Ariadne extracts these semantic element types:

| Role | HTML Elements | Description | | ---------------------------------- | ----------------------------------- | ------------------- | | form | <form> | Form containers | | input, email, password, etc. | <input> | Form inputs by type | | button | <button>, <input type="submit"> | Interactive buttons | | link | <a href="..."> | Navigation links | | heading | <h1> - <h6> | Page headings | | table, table_row, table_cell | <table>, <tr>, <td> | Tabular data |

🏷️ Label Resolution

Ariadne uses a sophisticated 5-priority system to resolve element labels:

<label for="..."> elements - Explicit form labels
aria-labelledby - References to other elements
aria-label - Direct ARIA labels
placeholder - Input placeholder text
Proximity heuristic - Smart text detection from nearby elements

📈 Output Format

Ariadne produces clean, semantic JSON that's perfect for LLM consumption:

{
  "schemaVersion": "1.0",
  "meta": {
    "url": "https://example.com/contact",
    "timestamp": 1720262400000,
    "dynamicContent": false
  },
  "elements": [
    {
      "id": "2Hx9K3m",
      "role": "form",
      "label": "Contact Form",
      "selector": "#contact-form",
      "parentId": null,
      "children": ["7Nm4Qw8", "9Pr5Tx1"]
    },
    {
      "id": "7Nm4Qw8",
      "role": "input",
      "label": "Email Address",
      "selector": "#email",
      "parentId": "2Hx9K3m",
      "state": {
        "value": "",
        "disabled": false
      }
    }
  ],
  "partial": false
}

🎯 Use Cases

LLM Web Automation: Provide clean semantic context to AI agents
Browser Extensions: Extract page structure for intelligent automation
Testing Frameworks: Generate stable selectors for automated testing
Accessibility Tools: Extract semantic structure for auditing
Content Analysis: Understand page structure and interactive elements
AI Assistants: Enable AI to understand and interact with web pages

🤖 Working with LLMs

Ariadne's output is designed to be easily understood by LLMs.

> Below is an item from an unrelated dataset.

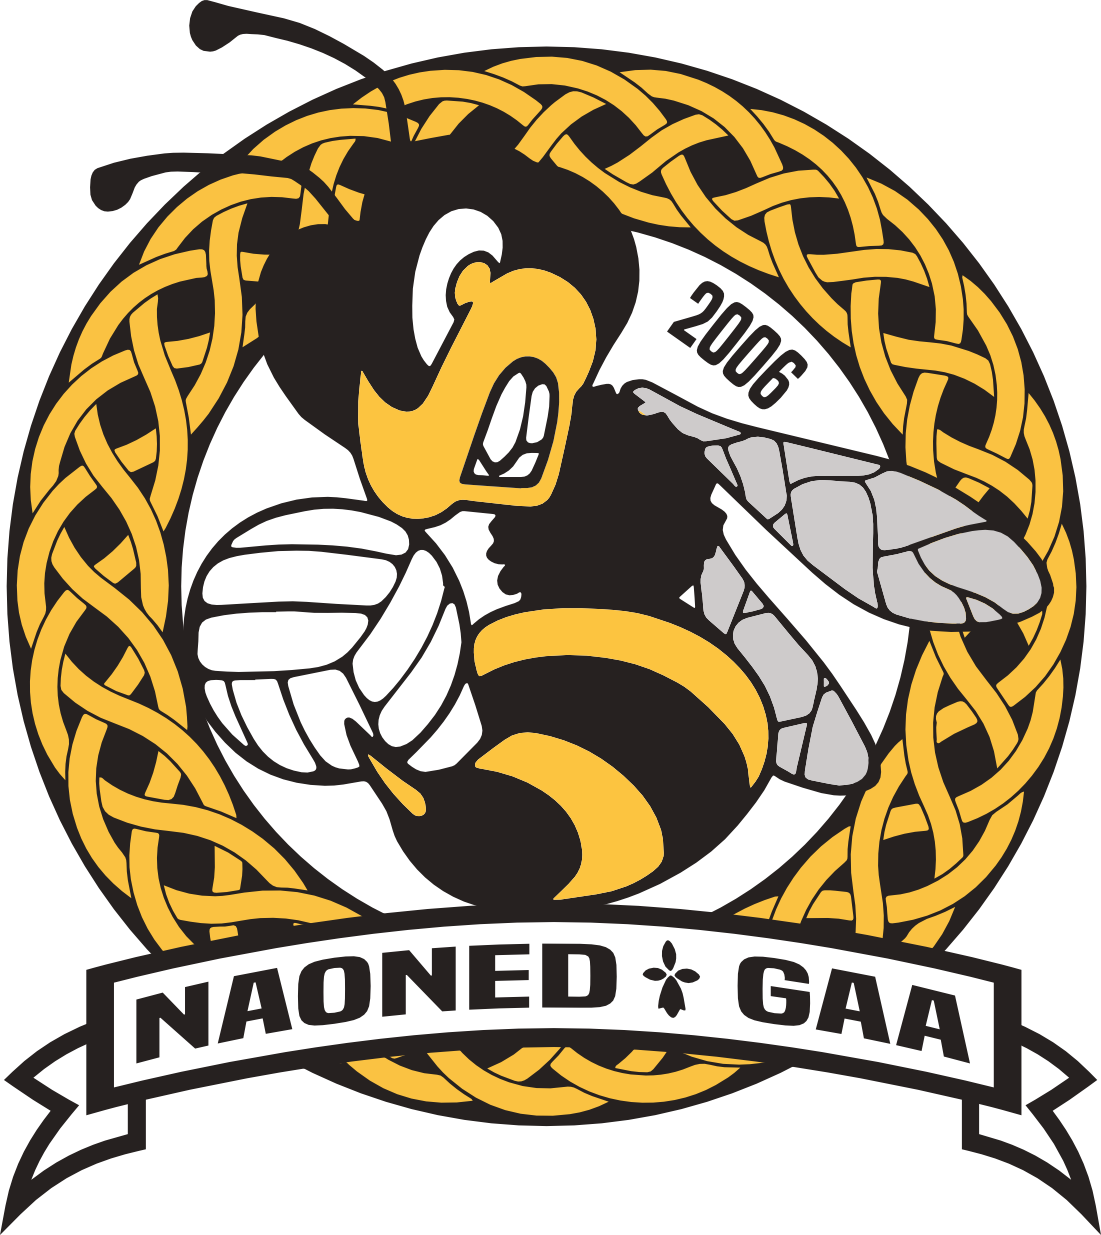 Football Gaelique Nantes (Naoned)

Here are example prompts to help LLMs work with the semantic map:

Navigation & Element Finding

Given this Ariadne semantic map, help me:
- Find the login form (look for role: "form" with login-related labels)
- Locate all email input fields (role: "email")
- Identify the main navigation links (role: "link" with navigation context)
- Find the submit button for the contact form (role: "button" with parentId matching the form)

Form Interaction

Using the Ariadne map provided:
1. List all forms on the page with their labels
2. For the form with ID "2Hx9K3m", describe all its input fields
3. What information does this form collect?
4. Are there any required fields? (Check the element states)
5. Generate the steps to fill out this form

Page Analysis

Analyze this Ariadne semantic map and tell me:
- What is the main purpose of this page?
- How many interactive elements are there?
- What actions can a user take on this page?
- Are there any disabled elements that might indicate locked features?
- Describe the page hierarchy based on parent-child relationships

Automation Scripting

Based on this Ariadne map, generate automation code to:
1. Fill in the form with ID "[form-id]" with test data
2. The email field should be "[email protected]"
3. Check the checkbox for terms acceptance
4. Click the submit button
5. Use the selectors provided in the map for each element

Accessibility Review

Review this Ariadne map for accessibility:
- Which elements are missing labels?
- Are all form inputs properly labeled?
- Do all interactive elements have descriptive text?
- Flag any elements that might be problematic for screen readers

Object Format Usage (when elementsAsObject: true)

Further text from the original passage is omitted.